Leading free classes at church enabled her to reach and attract the very following she’d later need to successfully launch her studio. Students from her church days regularly attend studio classes and wear Blue Yoga Nyla t-shirts around town, essentially functioning as walking advertising for the studio.

Reynolds explains that teaching free classes at church turned into something that’s brought seniors lasting effects and created longtime cohorts. And, she says, if you’re looking at who has the time to come to yoga and who understands its benefits, that’s the 75-year-old student. One 87-year-old student has studied with her for 23 years and recently graduated from her rigorous teacher training course.

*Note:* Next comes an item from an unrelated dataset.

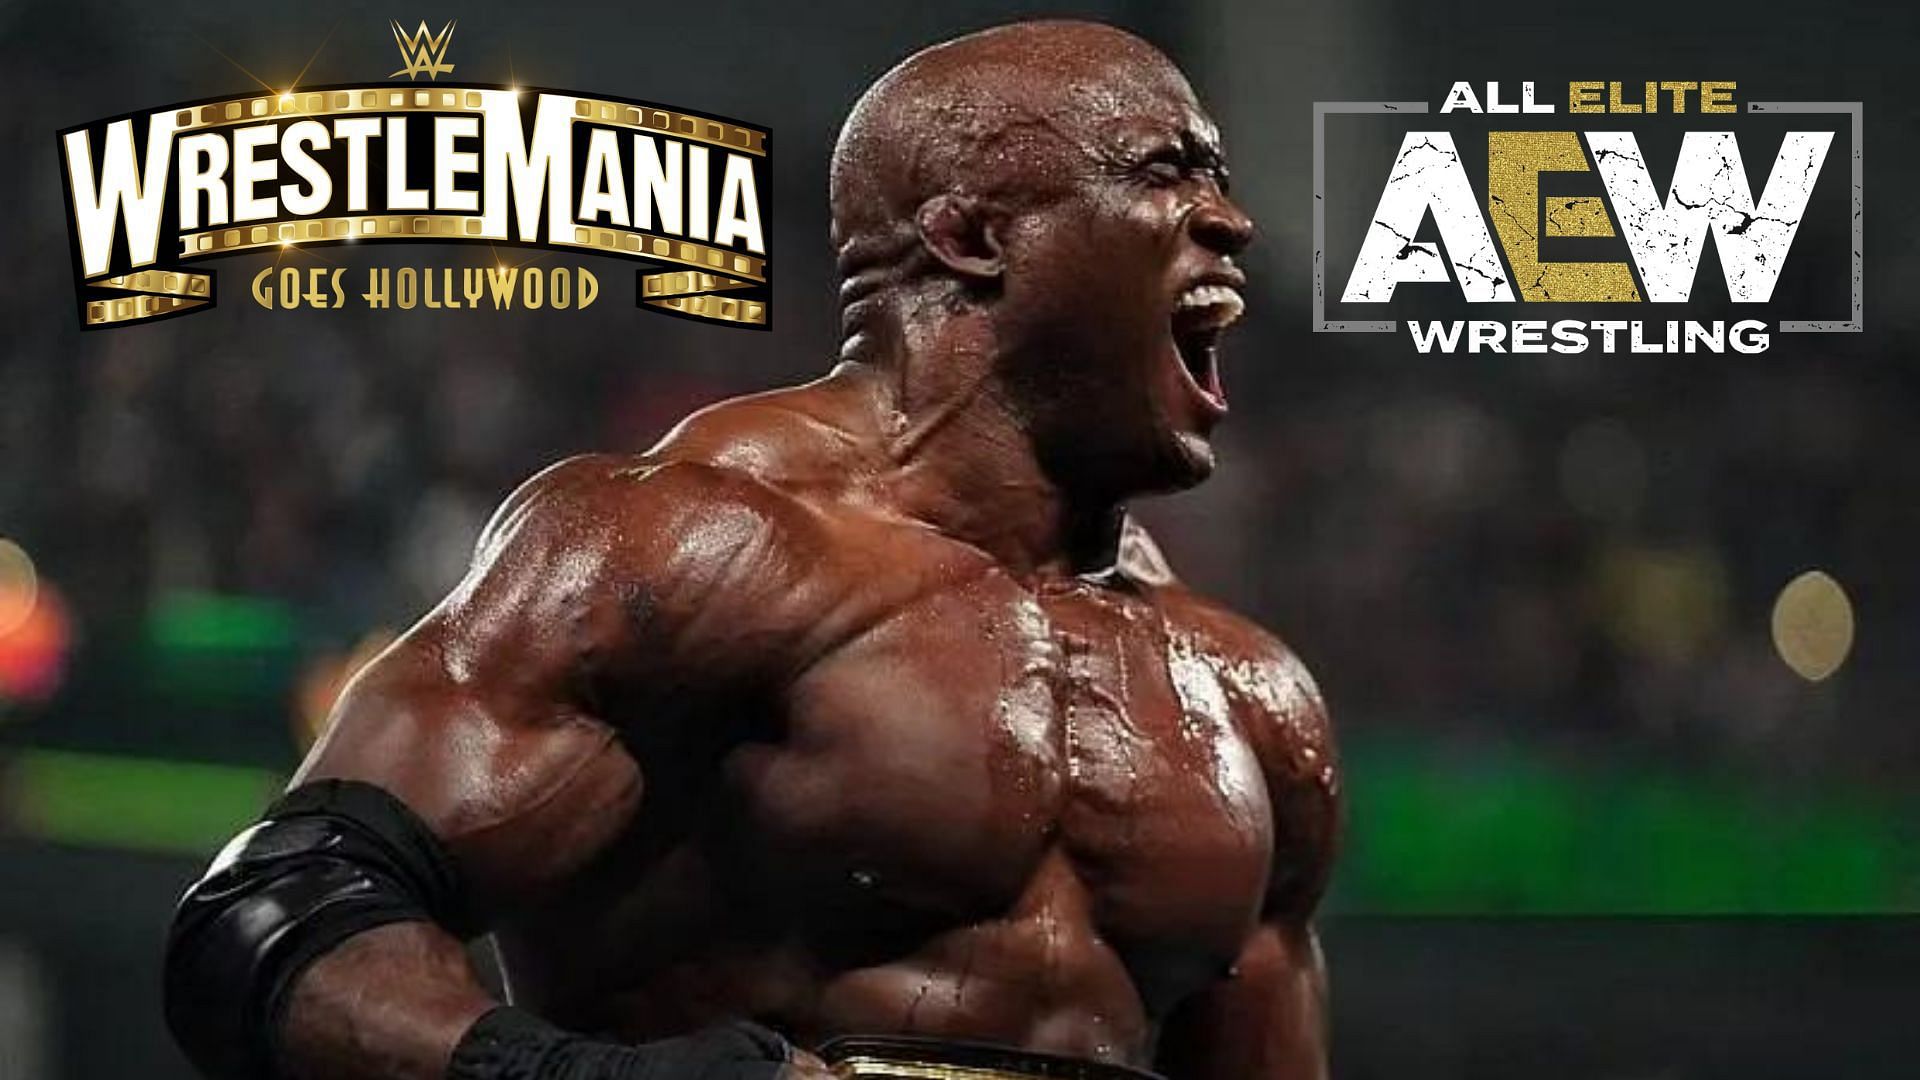 Bobby Lashley could turn heel if WWE brings back former AEW star after a 3-year absence at WrestleMania 39

Why Reynolds Feels Drawn to Teach Seniors

To appreciate what motivates Reynolds to offer yoga to seniors, it’s essential to understand her background. An only child of teen parents, her grandparents grounded her tumultuous childhood. As a child, she struggled with anxiety and depression. As a teen, she endured a condition that required repeated surgeries and resulted in an autoimmune disease diagnosis. At one point, she was essentially sedentary, healing from one surgery only to face the next. She found herself in a dark place.

What happened next was sort of a spiritual experience, explains Reynolds. She heard a whisper to try yoga, which she didn’t know anything about at the time. The first six months of mat-based yoga were rough, but she kept at it. Eventually, she began to experience more good days than bad.

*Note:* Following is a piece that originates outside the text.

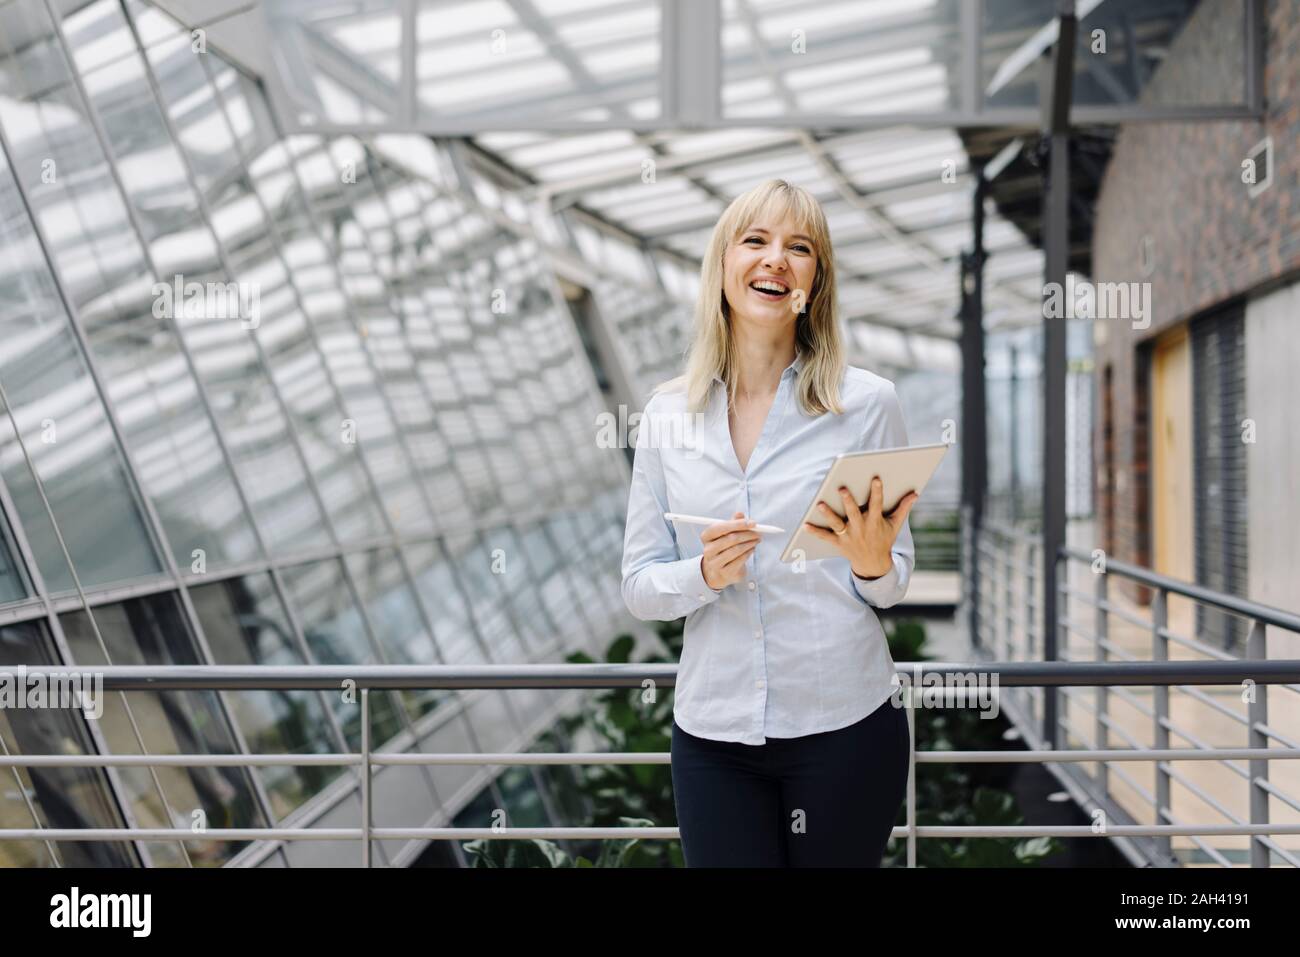 Laughing young businesswoman in a modern office building using tablet Banque D'Images

“Yoga started strengthening me from the inside out, healing me from the aspect of anxiety and depression,” says Reynolds. One-and-a-half years into yoga, Reynolds began training privately with her Iyengar-based instructor.

The practice of yoga grew to be a resource she would return to as she continued to endure serious health crises, including a traumatic brain injury and cancer. “Every health challenge has been a fierce battle,” Reynonds says, crediting yoga for helping her get back on her feet.

It’s no wonder she feels the sufferings of others and wants them to experience the life-changing benefits of yoga. “I’m held together with duct tape and glue like everyone else,” she says.

After teaching seniors for 23 years, Reynolds has a different image of what an advanced yoga practitioner looks like. She says it’s the 90-year-old student in hospice who is looking her in the eyes and doing breathwork. “They are the forgotten demographic,” muses Reynolds.

Despite all she shares, Reynolds insists she’s getting so much more out of her teaching. As she explains, “The imprint these people have left on me. It’s beyond words.”